A Unique Coexistence of an Indigenous Tribe (Adivasi) with Tigers in the Western Ghats of India
In the Biligiri Hills of Karnataka in India, the Soligas have been successfully living within a wildlife sanctuary (tigers, elephants, etc.) for centuries. The stories and values from this community serve as important lessons for reimagining conservation.
Publication Title: "Expert Corner: A Unique Coexistence of an Indigenous Tribe (Adivasi) with Tigers in the Western Ghats of India."
Posted on the Biodiversity and Ecosystem Services Network, this new article suggests 'new perspectives to conservation'. The relationship between the people and the land was built through conversations with the Soligas, an Indian Adivasi tribe, and Dr. Madegowda, a senior researcher at the Ashoka Trust for Research in Ecology and the Environment.

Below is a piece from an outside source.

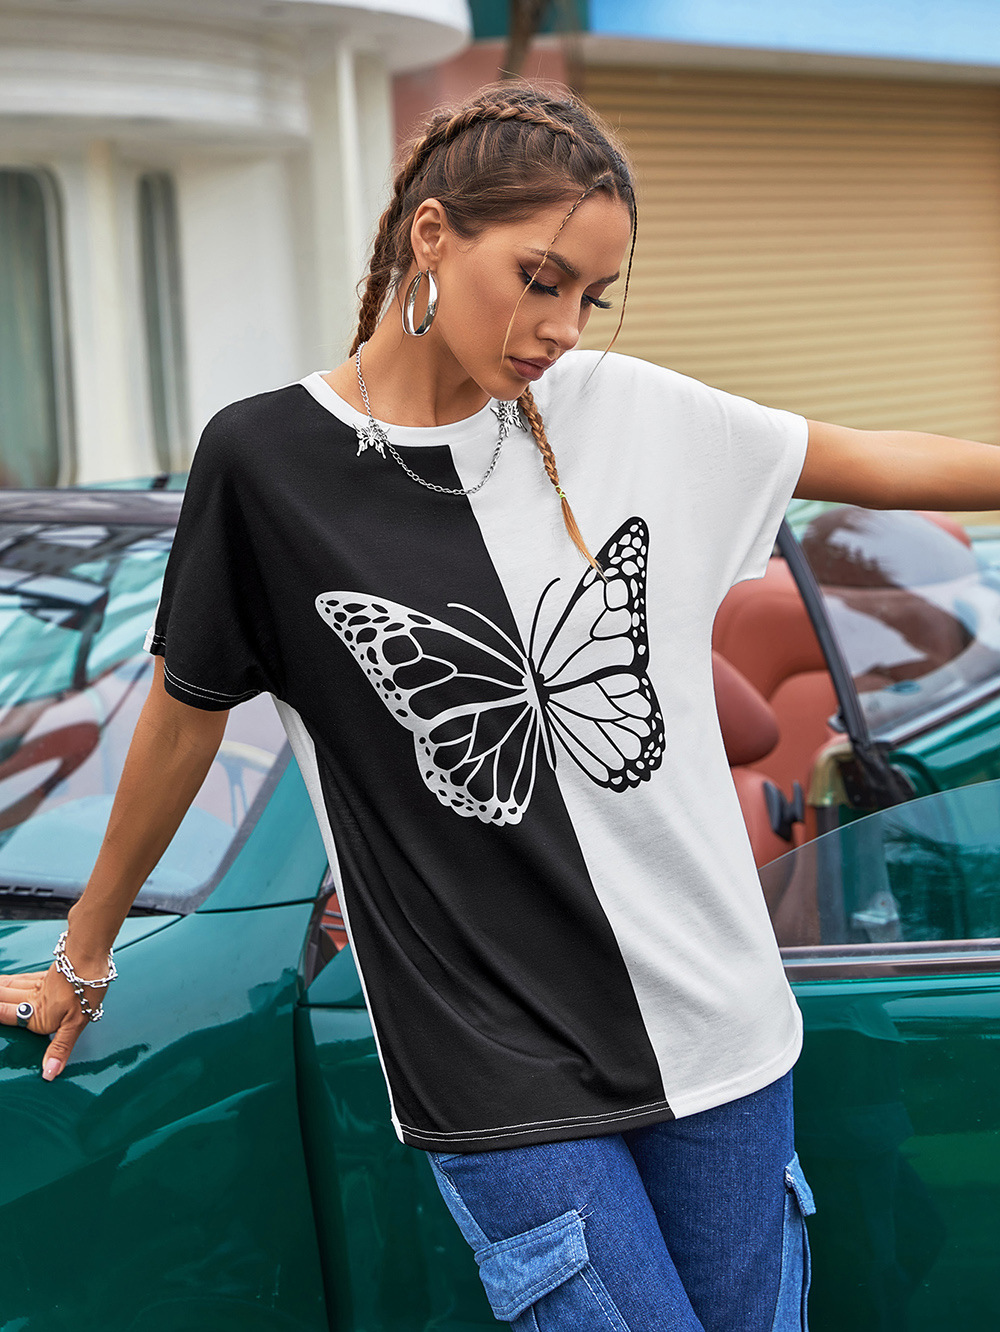 Fashion Women's T-shirt Casual Black And White Butterfly Print Top Loose Short Sleeve Harajuku T-shirts Basic O Neck Tops New summer crop top
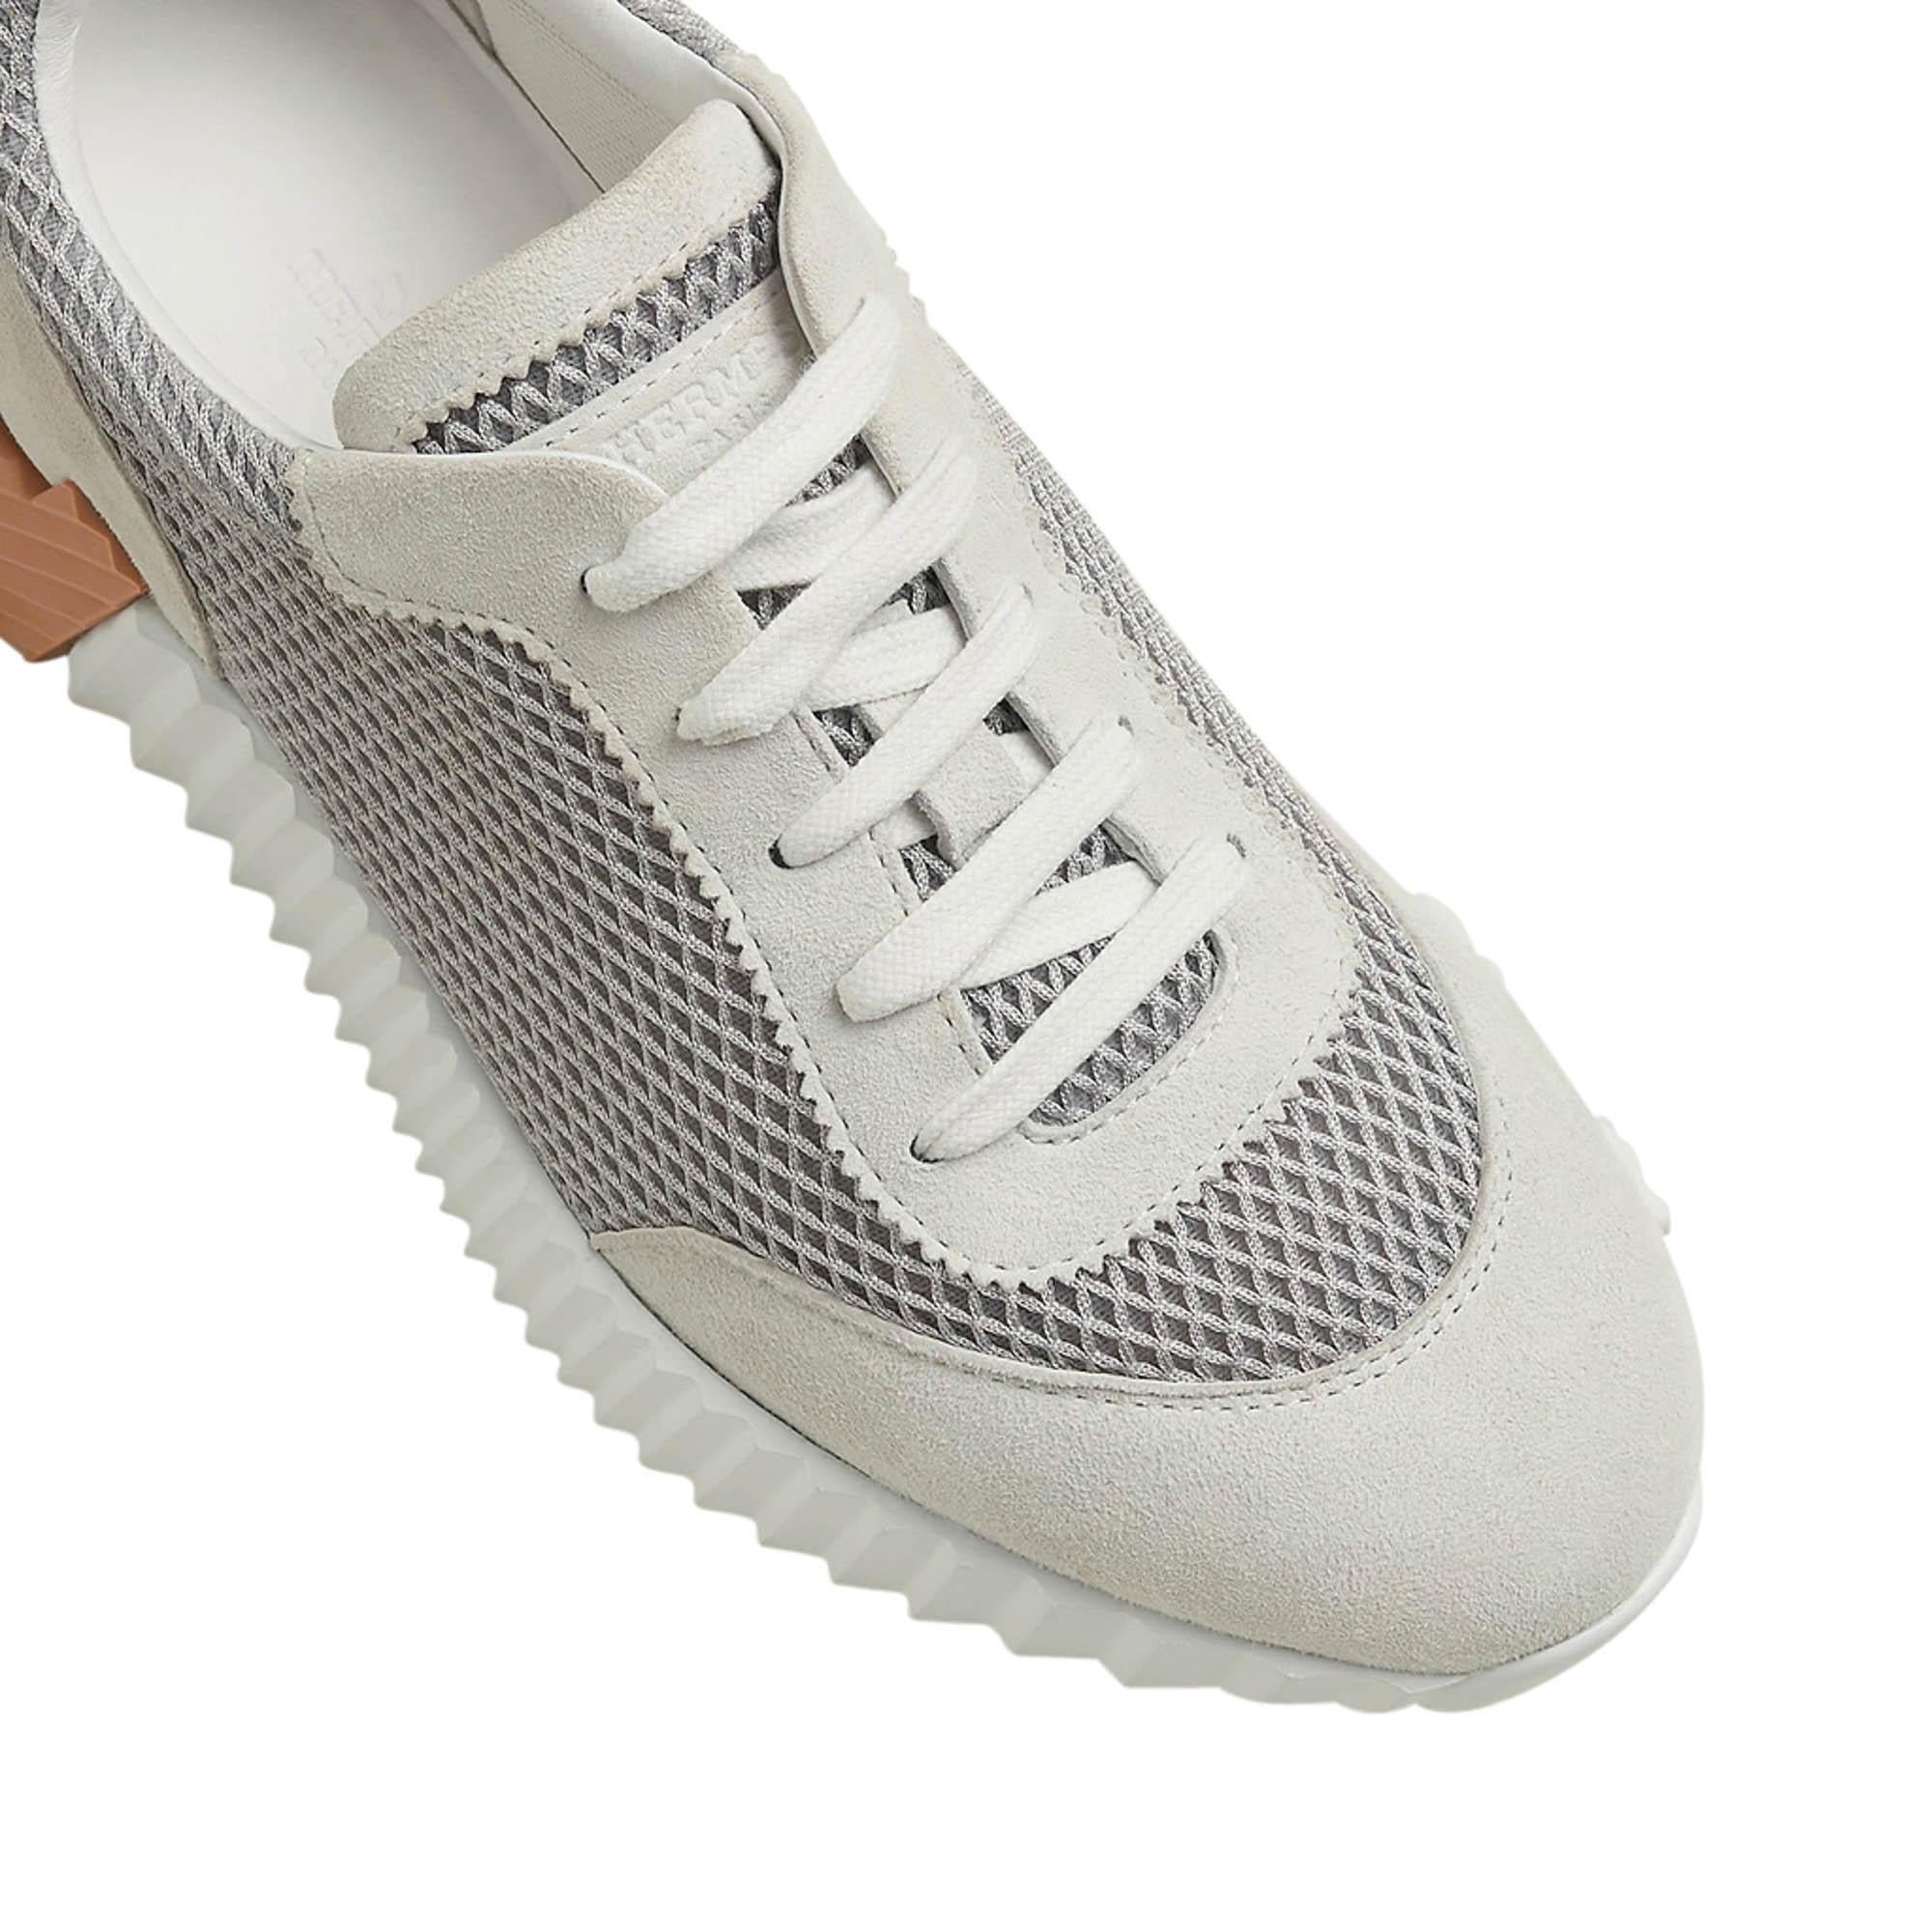 Hermes Bouncing Sneaker Gris Lulea and Blanc 37 / 7 For Sale 4

- Kamaljit Sangha, IUCN CEESP Co-Chair Local Economies, Communities, and Nature Specialist group
- Dr. M. Balasubramanian, Assistant Professor at the Institute for Social and Economic Change, Bangalore
- Dr. C. Madegowda, Senior Researcher and Coordinator at the Ashoka Trust for Reserach in Ecology and the Environment
Excerpt from the original article:
The Soligas’ ability to live with wildlife over the centuries and sustainably manage the Biligiri Hills region by applying a range of traditional practices (such as recognizing bird voices and flight patterns as indicators of rainfall, the presence of tigers or elephants and worshipping plants and animals to preserve biodiversity) suggests the need to learn from their successful human-wildlife coexistence. Passing on tribal knowledge and strategies (e.g., managing weed and fire, protecting the diversity of plants and understanding animal behaviour and calls etc.) is essential not only for guiding future tribal generations but also for offering insights into forest and wildlife conflict management practices by forest managers and other conservation officials. For example, the management of the Biligiri region by the Soligas is proven to deliver several important ecosystem services for the public, such as fresh and clean air and water to the nearby highly populated areas, sequestration of CO2 and abatement of climate change and prevention of wildfires and soil erosion to protect the cropping areas in the downstream areas. The Soligas’ long-standing harmony with wildlife in the Biligiri Hills underscores the potential benefits of incorporating tribal communities’ traditional knowledge into future conservation strategies.